(SOURCE MATERIAL)

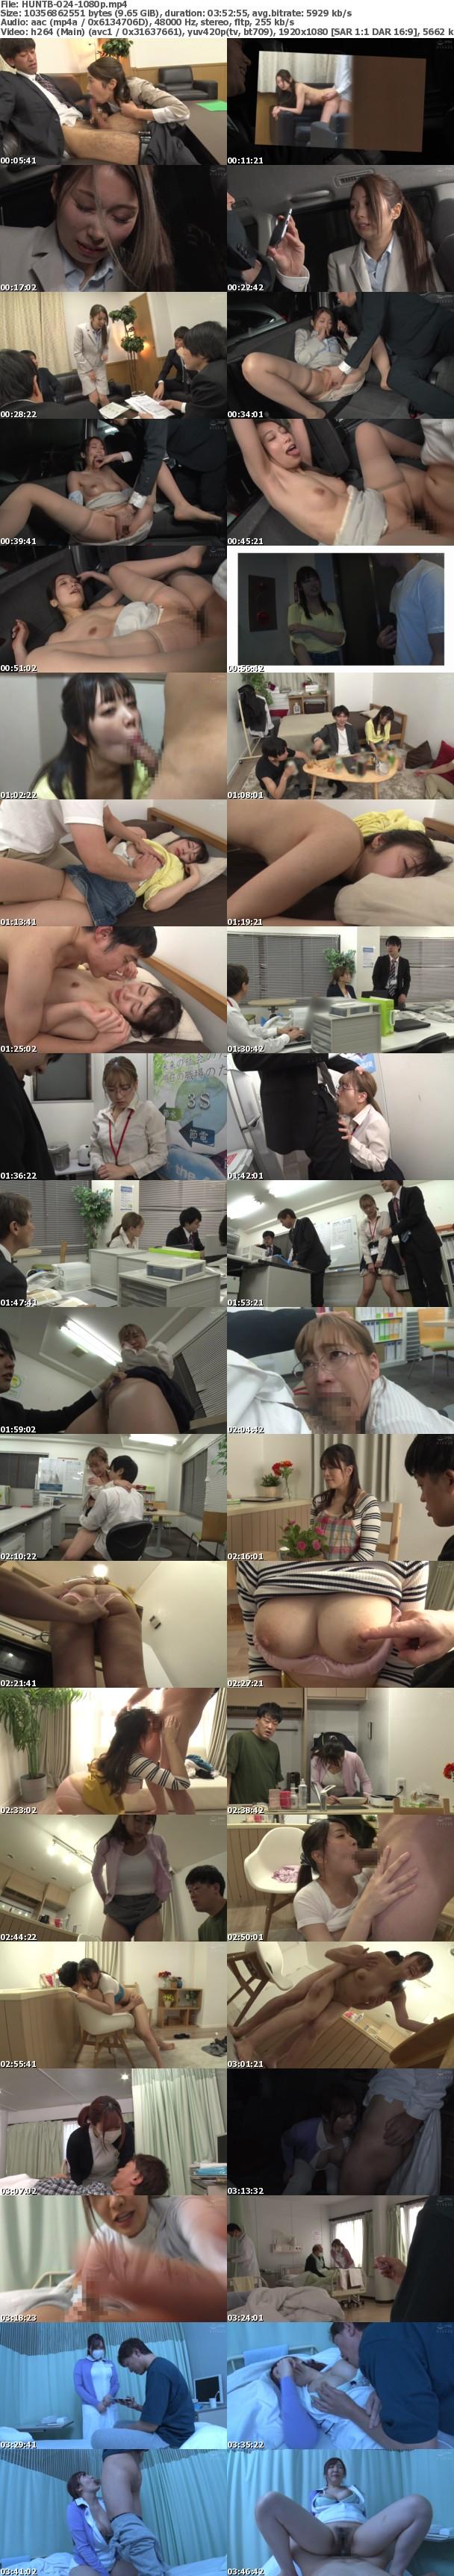 (Full HD) HUNTB-024 「お願いやめて!もう我慢できない!」弱みを握られた女子(女上司、看護師、友達の彼女…)はリモバイを仕込まれガクブル痙攣大量失禁!
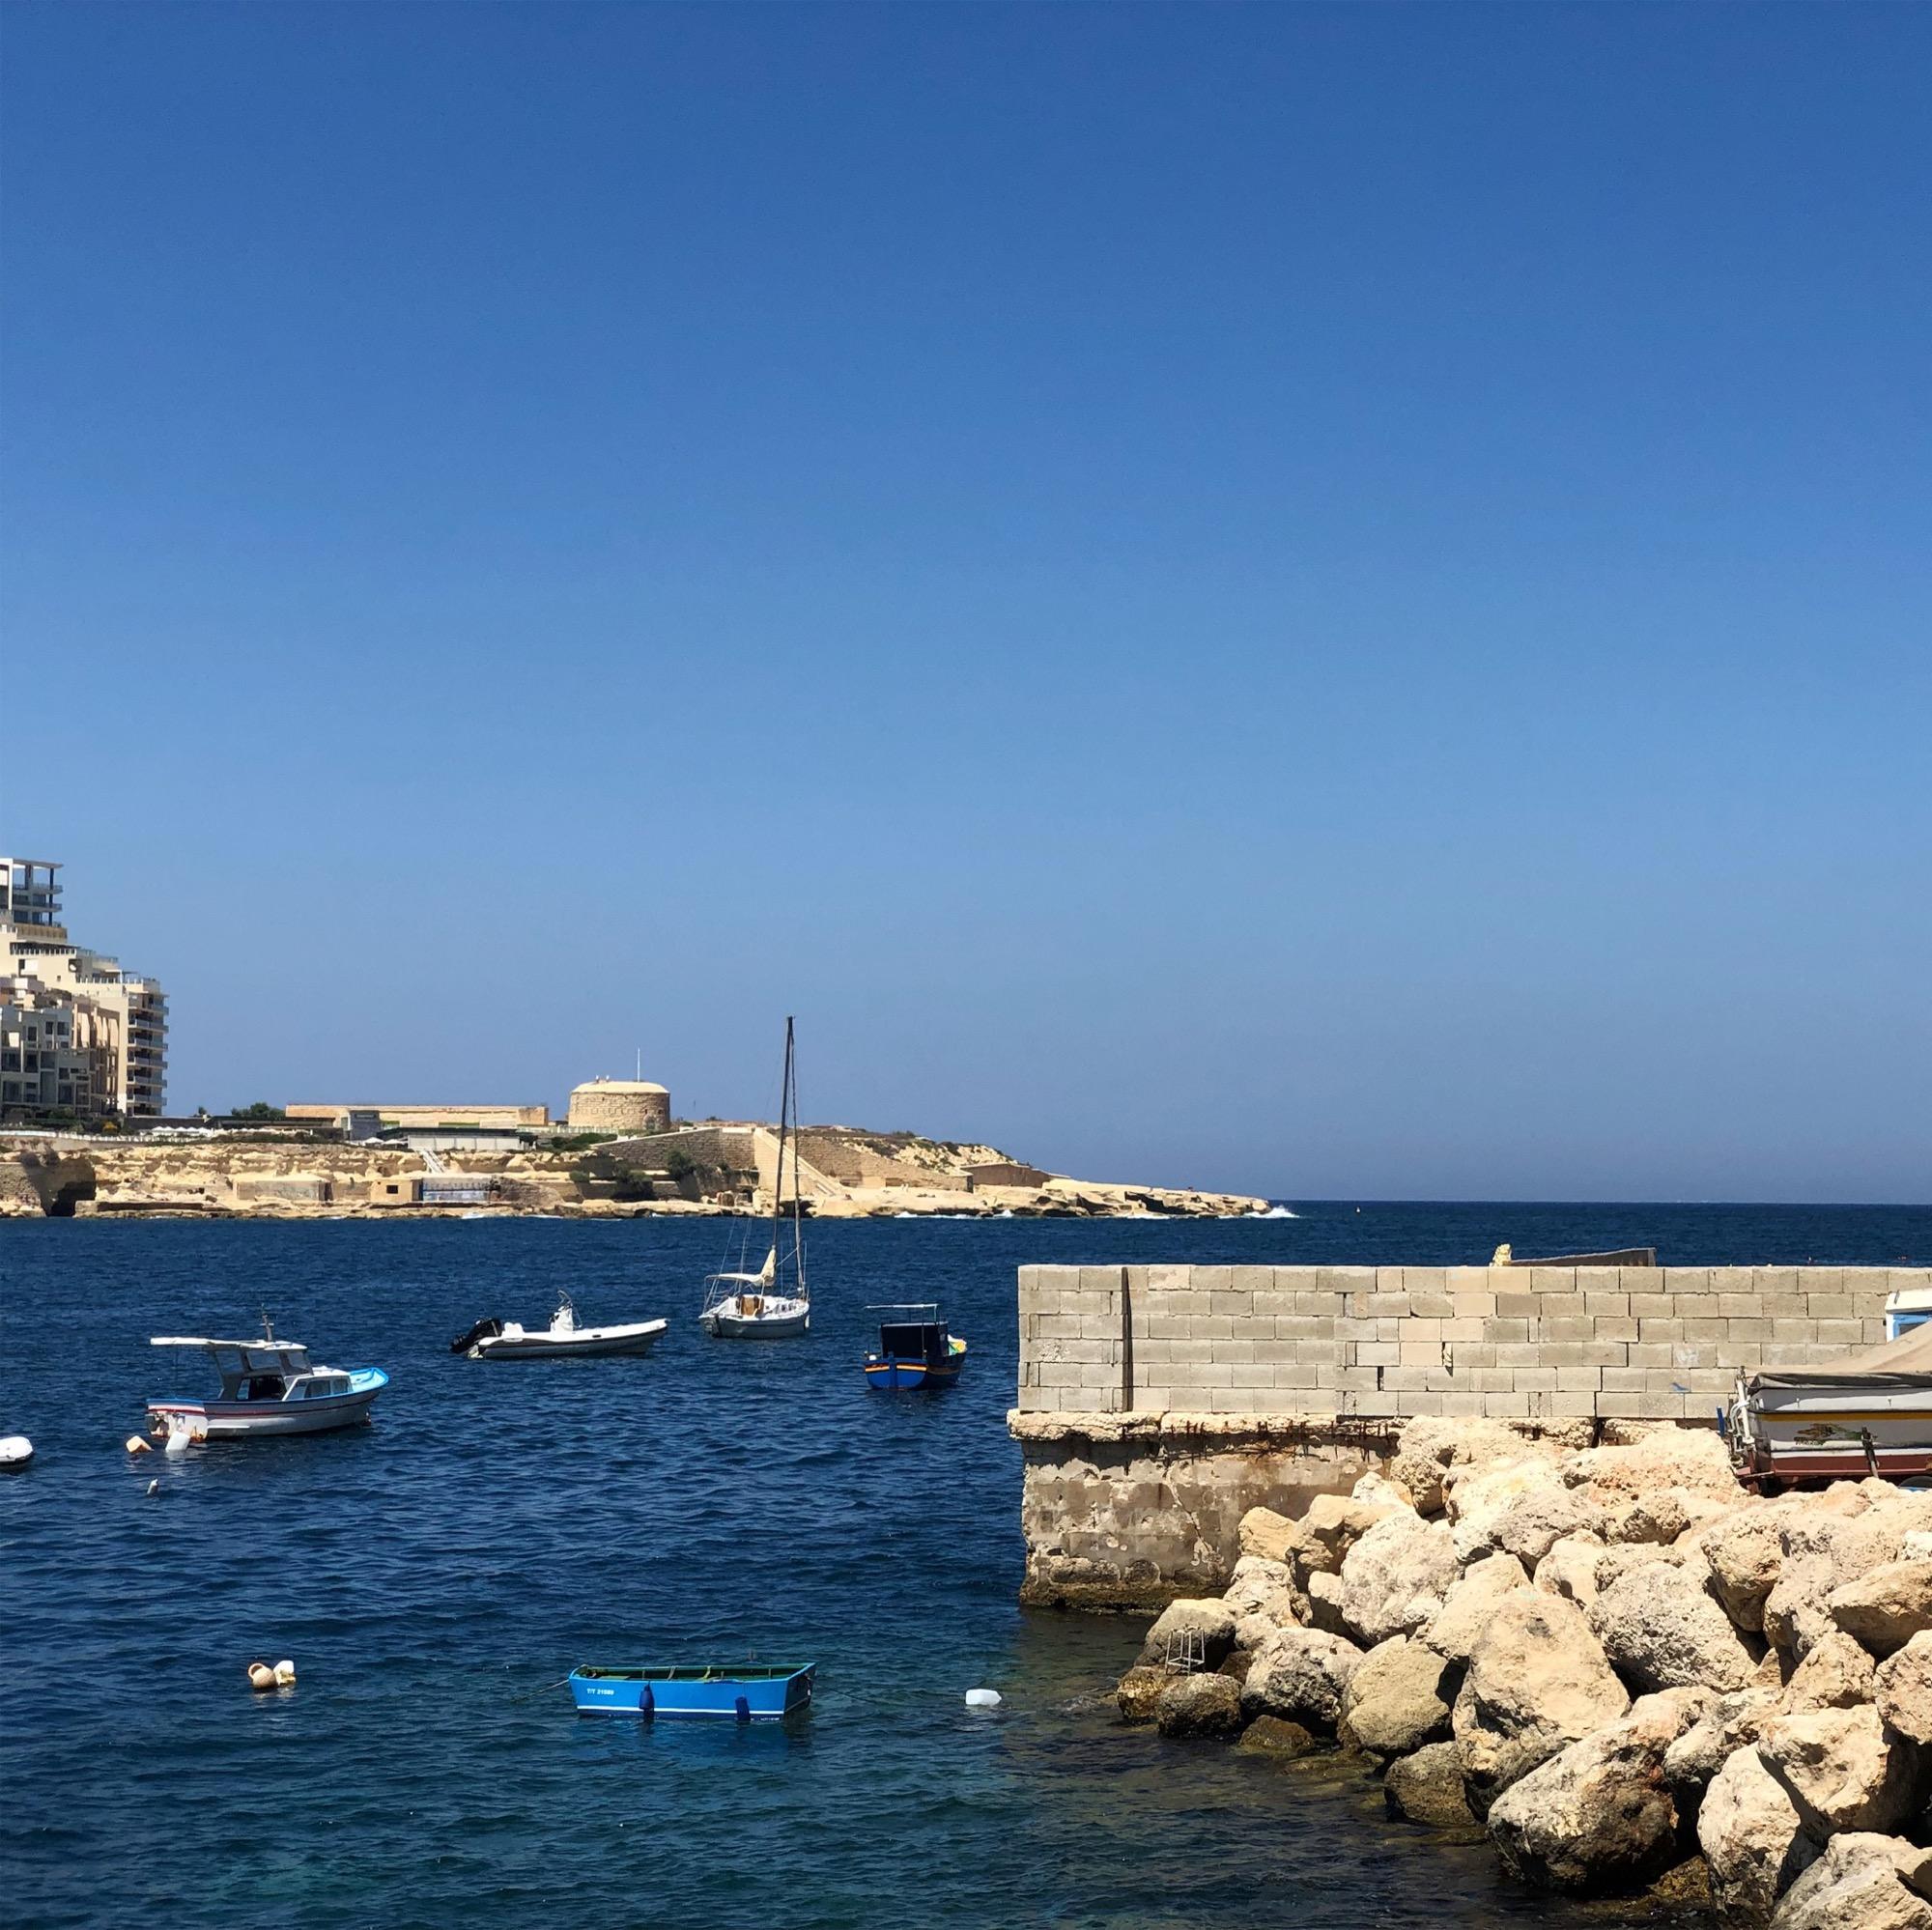 Malta 17:7:19 by Ross Farley.jpeg
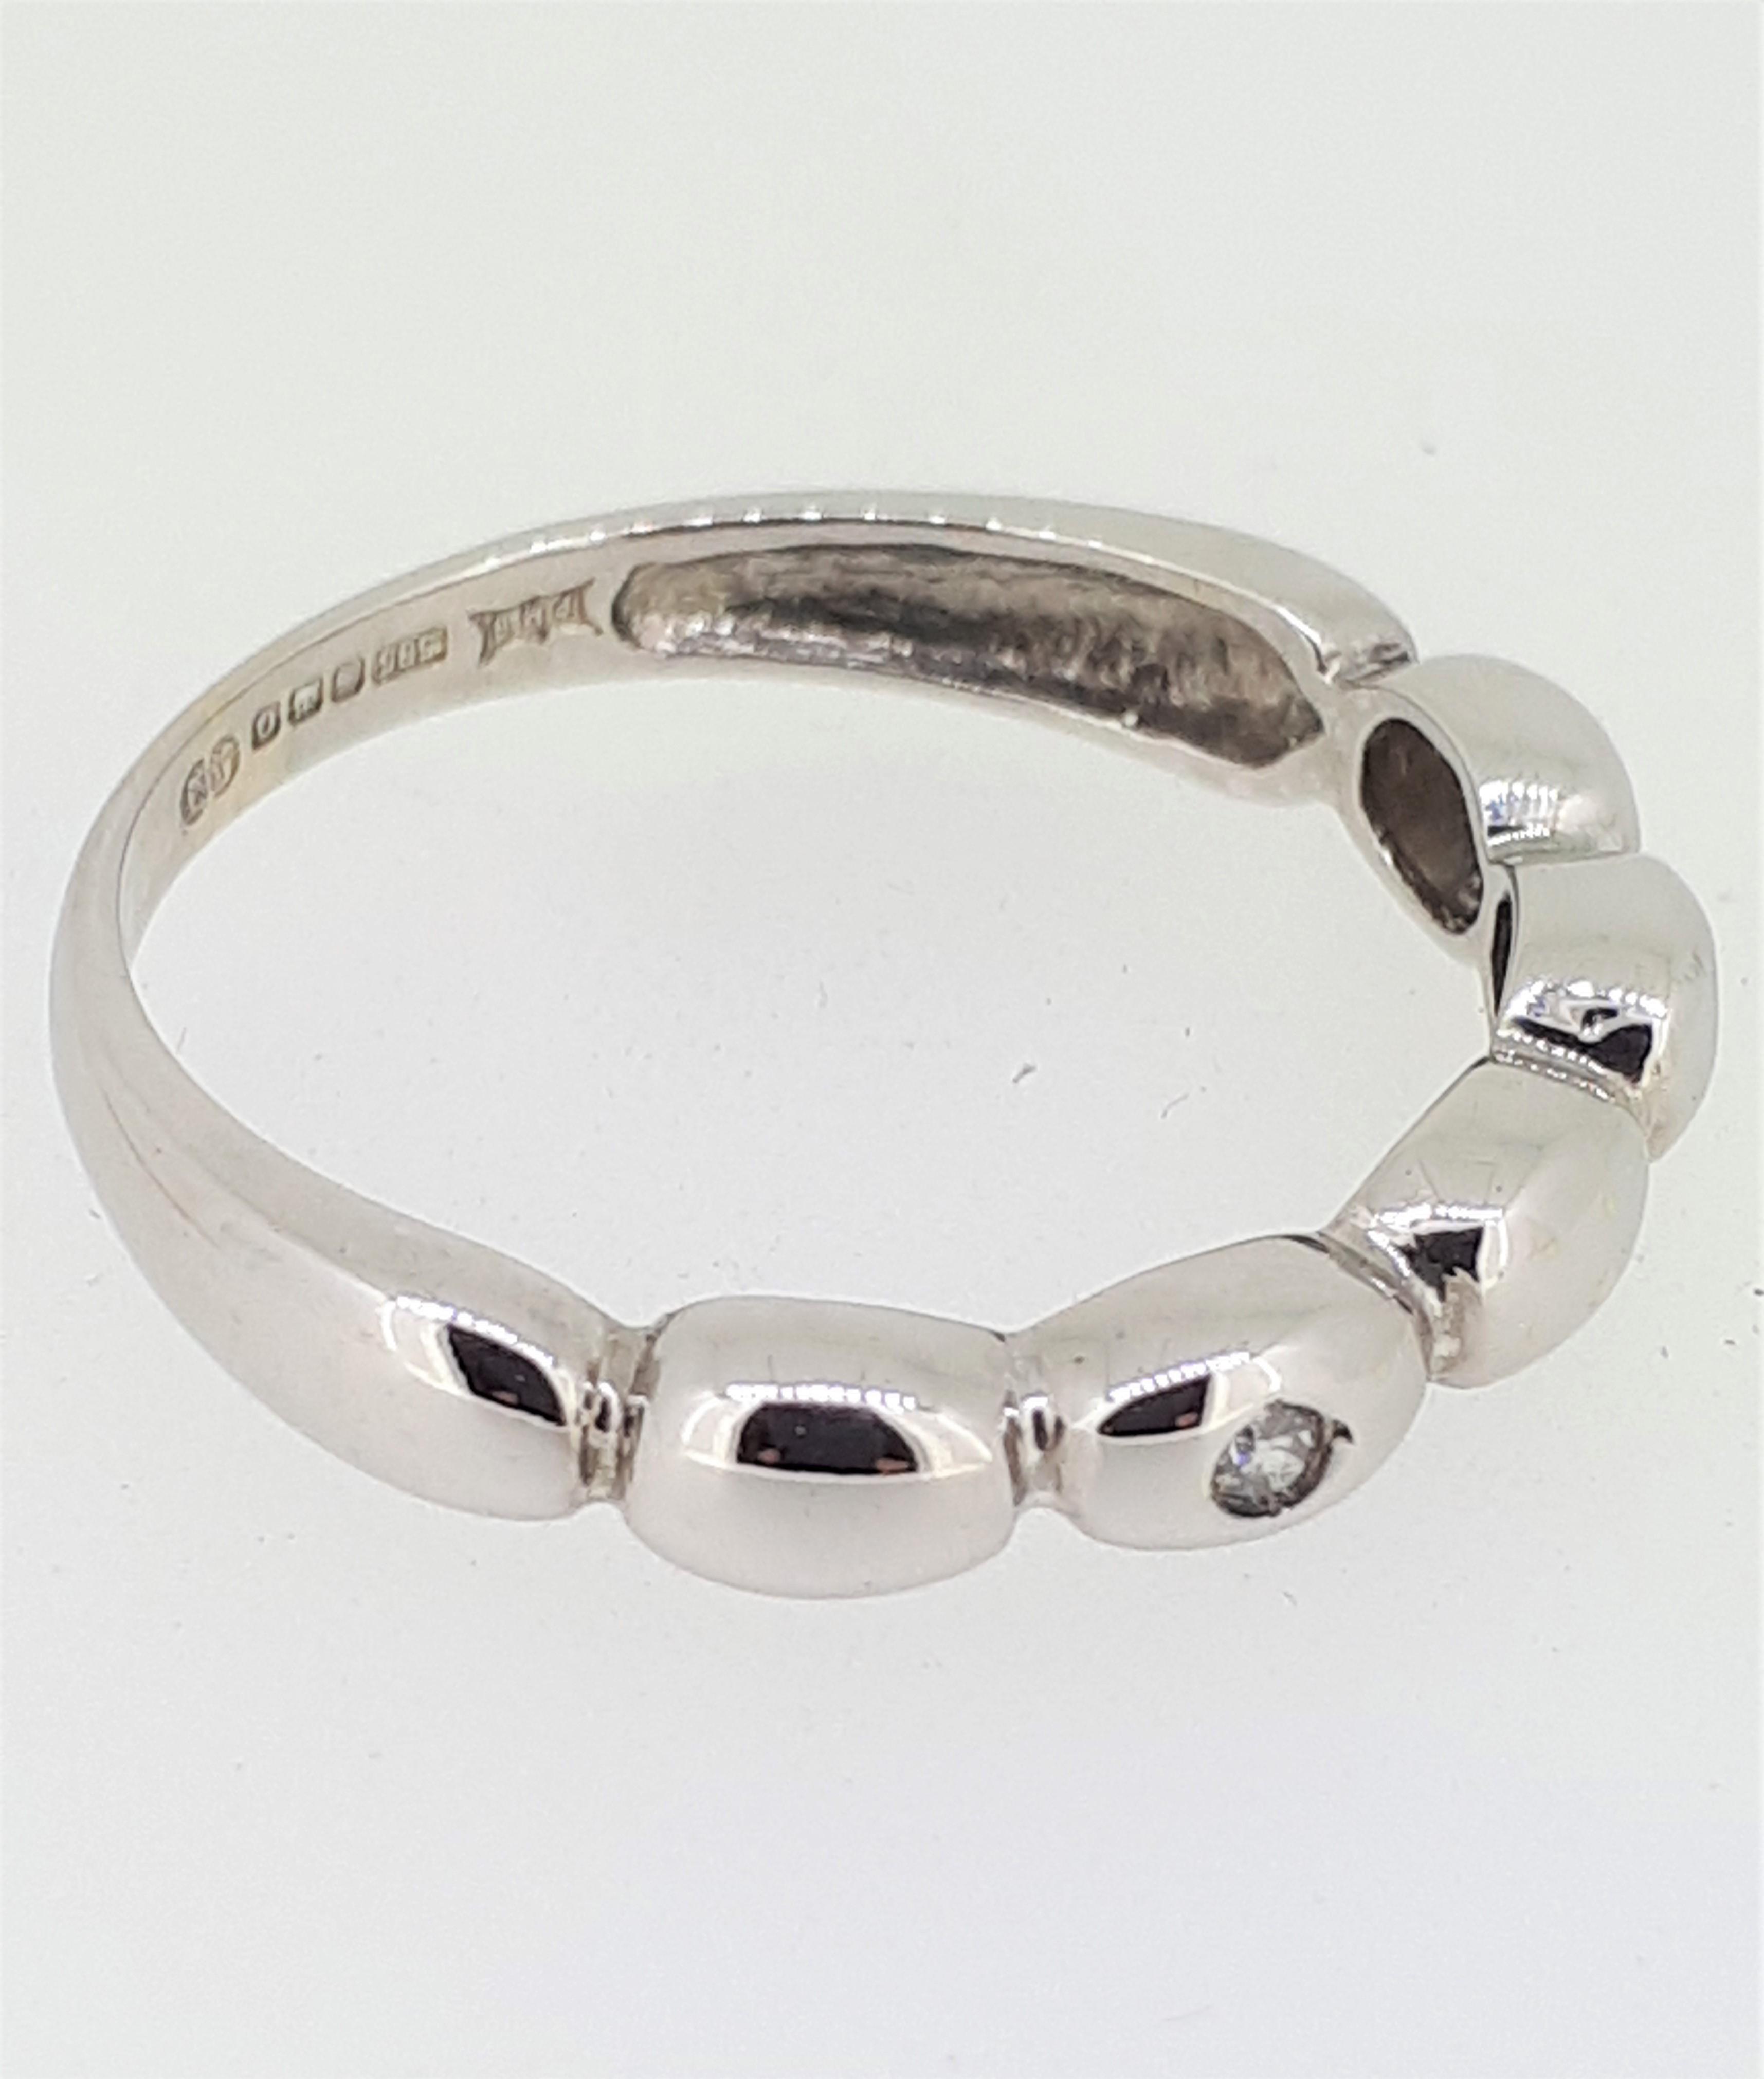 14ct (585) White Gold & Diamond Five Bead Ring - Image 5 of 6

(End SOURCE MATERIAL)

**TASK PROMPT**: With the pictures removed, write the listing out word for word.

**SOLVED EXERCISE**:
 (Full HD) HUNTB-024 「お願いやめて!もう我慢できない!」弱みを握られた女子(女上司、看護師、友達の彼女…)はリモバイを仕込まれガクブル痙攣大量失禁!
 Malta 17:7:19 by Ross Farley.jpeg
 14ct (585) White Gold & Diamond Five Bead Ring - Image 5 of 6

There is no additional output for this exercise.